I was recently reading a book on Gengis Khan and his conquests - it wasn't half bad but it raised a question with me that I doubt will be properly answered anywhere (but i'll put it to you anyway).

given that sizes of the mongol armies and that they would have taken their families with them, or atleast a significant proportion of them. how many troops where left in Mongolia?
it seems that if they really wanted to the Jin and the Song kingdoms might have been able to attack the steppe while the majority of the armies where in europe.


----------



## Esioul (May 4, 2006)

I don't know much about the Mongols so am itnerested to hear your thoughts on them.

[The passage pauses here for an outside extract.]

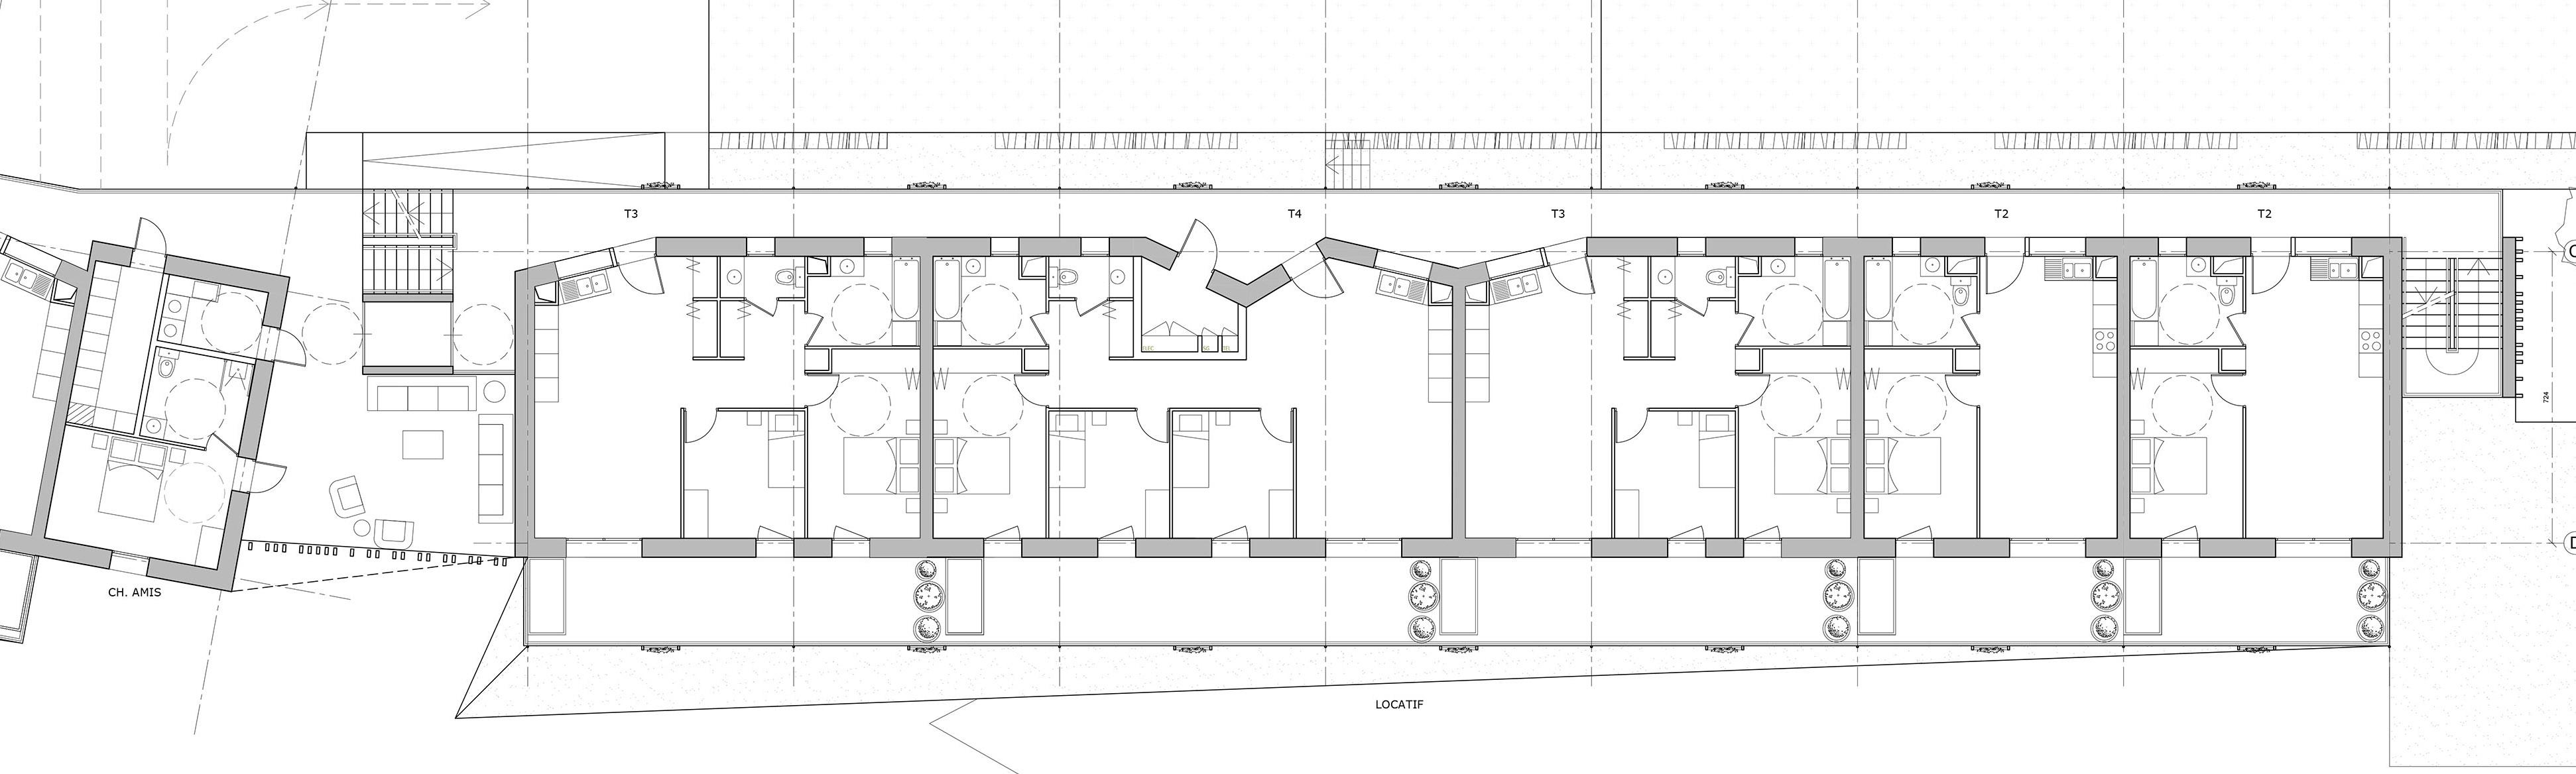 image plan_logements_dtail.jpg (0.4MB)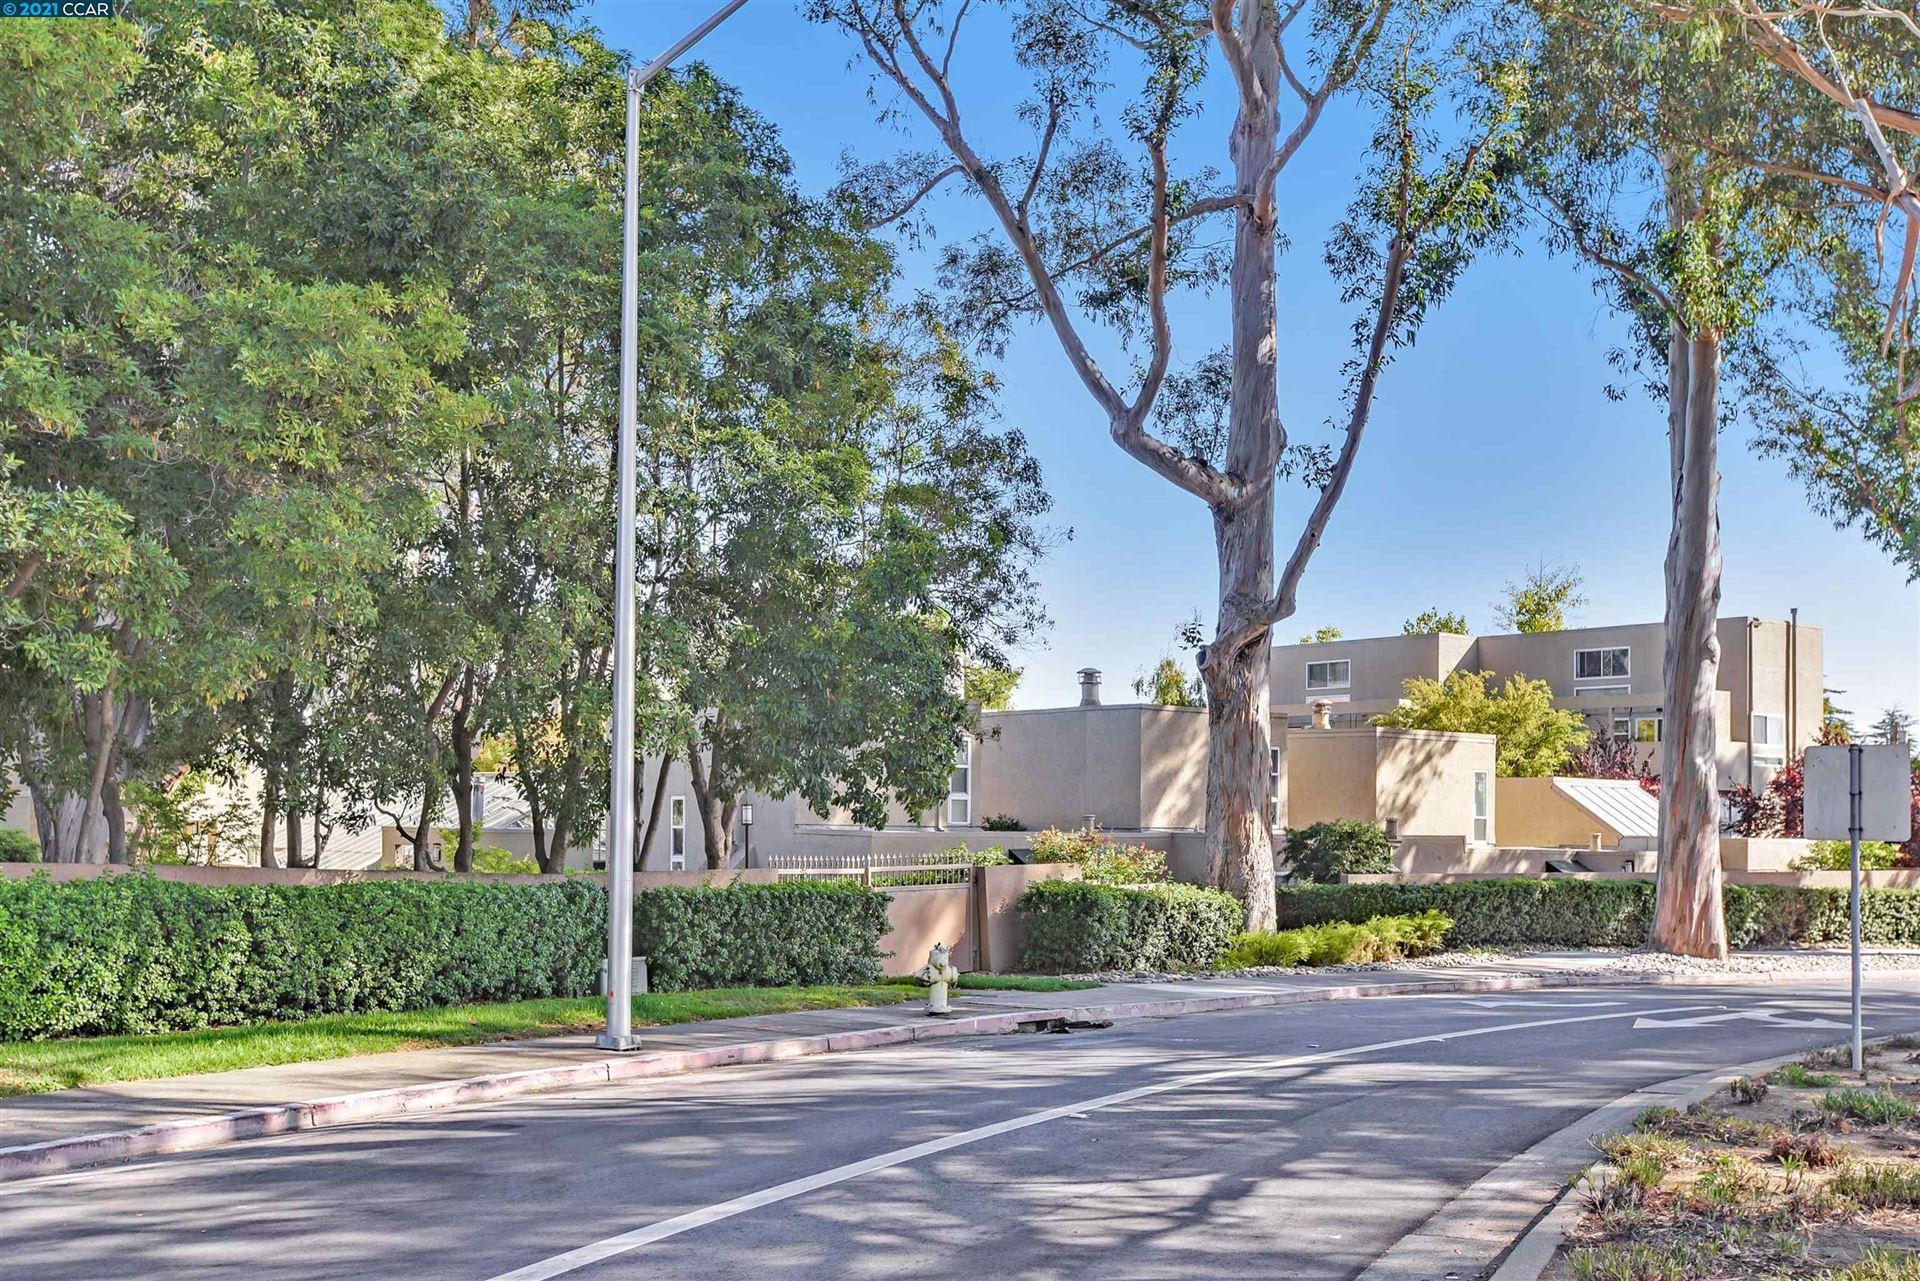 1919 Alameda De Las Pulgas #Unit 3, San Mateo, CA 94403 - #: 40965748

Did they have consdierable settlement on the steppe? Maybe the Jin and Song Kingdoms ddidn't think the land was worth attacking/or were rpecocupied with other conquests?


----------



## Winters_Sorrow (May 4, 2006)

Being a nomad culture, I wouldn't be suprised if Mongolia was pretty deserted once the mongol horde went on the move. 
Having said that, Outer Mongolia is a huge barren savannah environment, so there wasn't a lot of resources, loot, good arable land on hand anyway - hence the fact the mongols started invading places to start with!


----------



## Paige Turner (May 4, 2006)

There's the inherent problem with invading nomadic people in an expansive environment. You could invade your heart out for weeks, and never find anybody to conquer. That has to be deflating.


----------



## Esioul (May 4, 2006)

Unless you fill the land with sheep or something it doesn't sound very useful.


----------



## Thunderchild (May 7, 2006)

The thing about the Mongols is that even though they didn't have conventional farming and mining they still had things to trade - mainly their herds and things they hunted, with these they could trade for other things they wanted. But still it wouldnt have been hard for jin or song to send in a few regemant of their own clavary to kill or relocate the undefended mongols who stayed behind.
I suppose it boils down to that they just didn't consider them a major threat even thought they just tore the jin empire in half.


----------